Groups such as Amnesty International view Israel's current incarceration of 178 Palestinians under administrative detention as a possible war crime, arguing that Israel has violated international law by using the emergency law to harass the population under occupation, stifle dissent and restrict Palestinians' right of movement.

In response to the recent protest of thousands after an Israeli court refused to grant the release of Issawi, the European Union issued an urgent call for Israel to "[fully respect] international human rights obligations towards all Palestinian detainees and prisoners." UN Secretary-General Ban Ki-moon called on Israel to grant all prisoners a fair trial or allow for their prompt release. Physicians for Human Rights has issued a statement accusing Israel of violating prisoners rights, calling Israel's treatment of hunger-striking Palestinians "a systemic moral, ethical and professional failure."

Apparently rattled by the growing prisoners' protest movement and the attention it is getting, Israel is doing all it can to further tighten its grip on prisoners. On February 25, Israel transferred 50 prisoners to various facilities as punishment and to remove and separate activists, placing one of Jaradat's relatives in solitary confinement, according to the Palestinian Prisoners Society.

In addition, Israel has called on the PA to curb protests ahead of Obama's visit to the region next month--and threatened to withhold $100 million of tax revenues if protests continue. The PA, however, issued a statement warning Obama that Gaza could be "on fire" at the time of his visit if he fails to pressure Israel to address its abuse of Palestinian prisoners, especially those on hunger strike.

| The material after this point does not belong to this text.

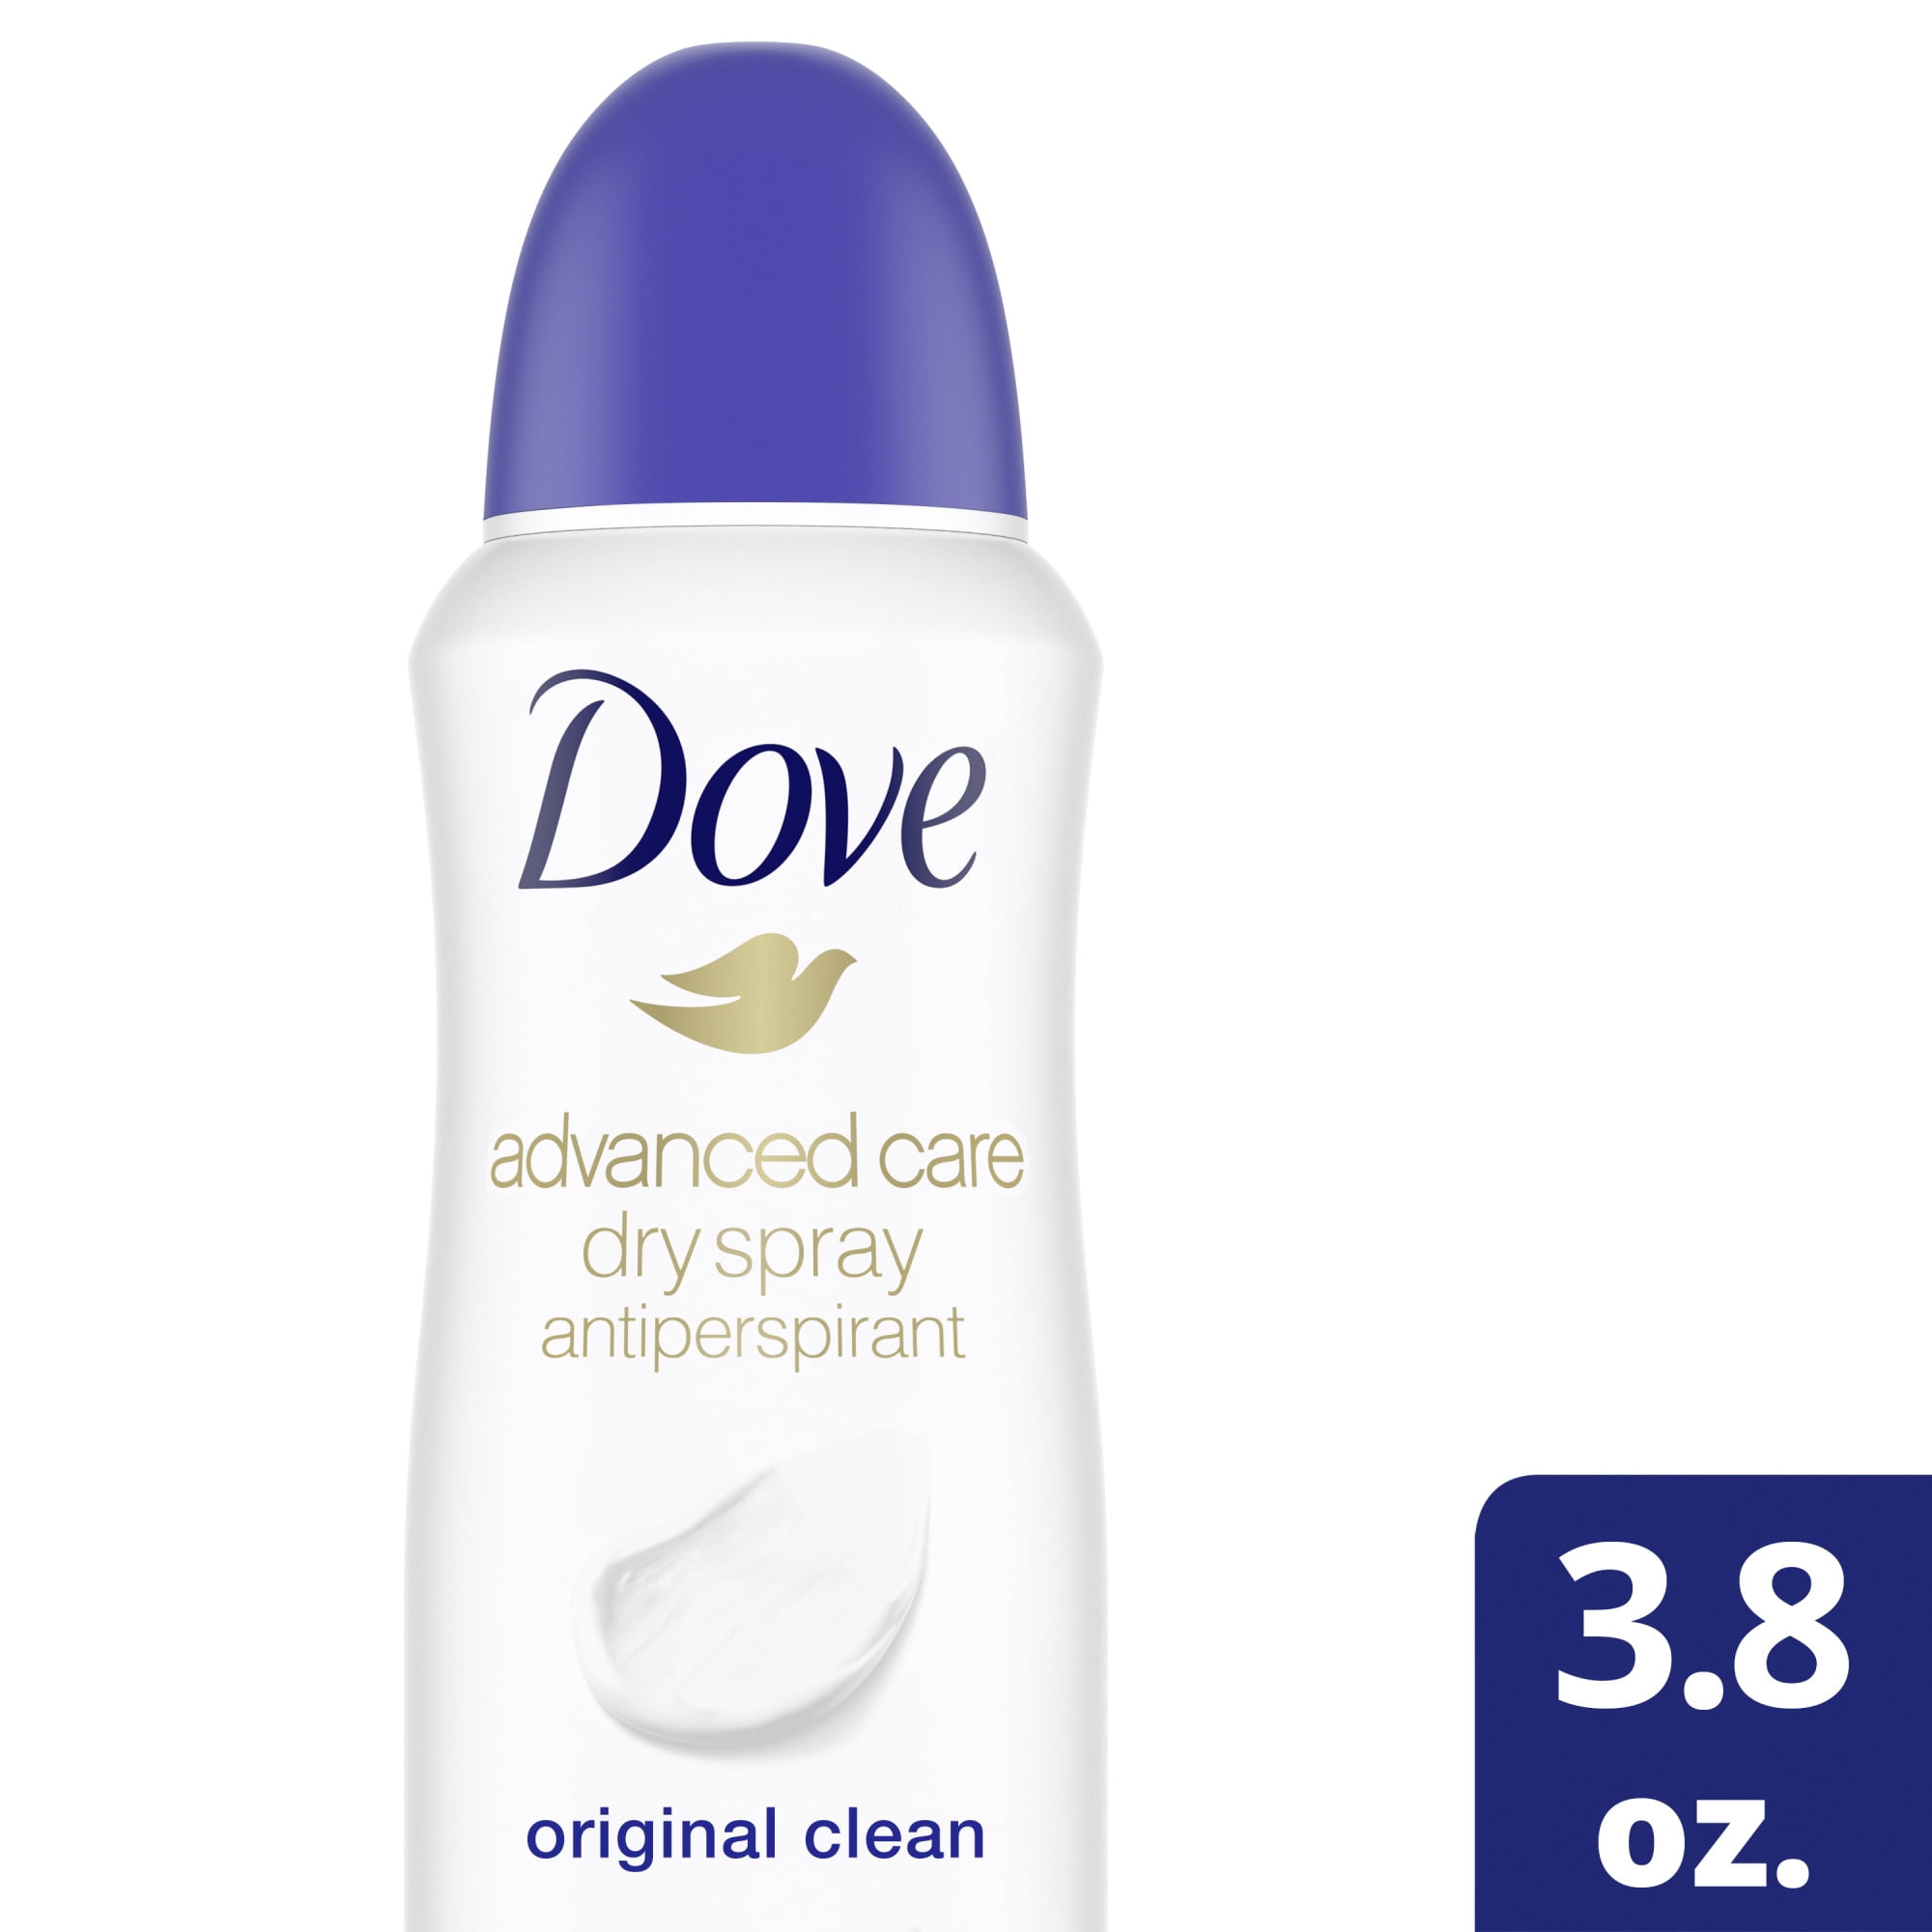 Dove Advanced Care Dry Spray Antiperspirant Deodorant Original Clean 3

But Obama has already shown his devotion to Israel, even in the face of Israel's siege of Gaza, its bombing campaigns and its ongoing construction of illegal settlements. Thus it will require significant pressure from below to win justice for these prisoners.

While Palestinians within Israel and the Occupied Territories continue their relentless resistance, recognition of the Goliath they are up against is the basis of their call for an international boycott, divestment and sanctions movement that can build a sustained challenge to Israel.

The immense courage of prisoners like Issawi and the thousands of ordinary Palestinians who continue to take to the streets despite severe repression give inspiration to the growing international movement to challenge Israel's blatant disregard for human rights.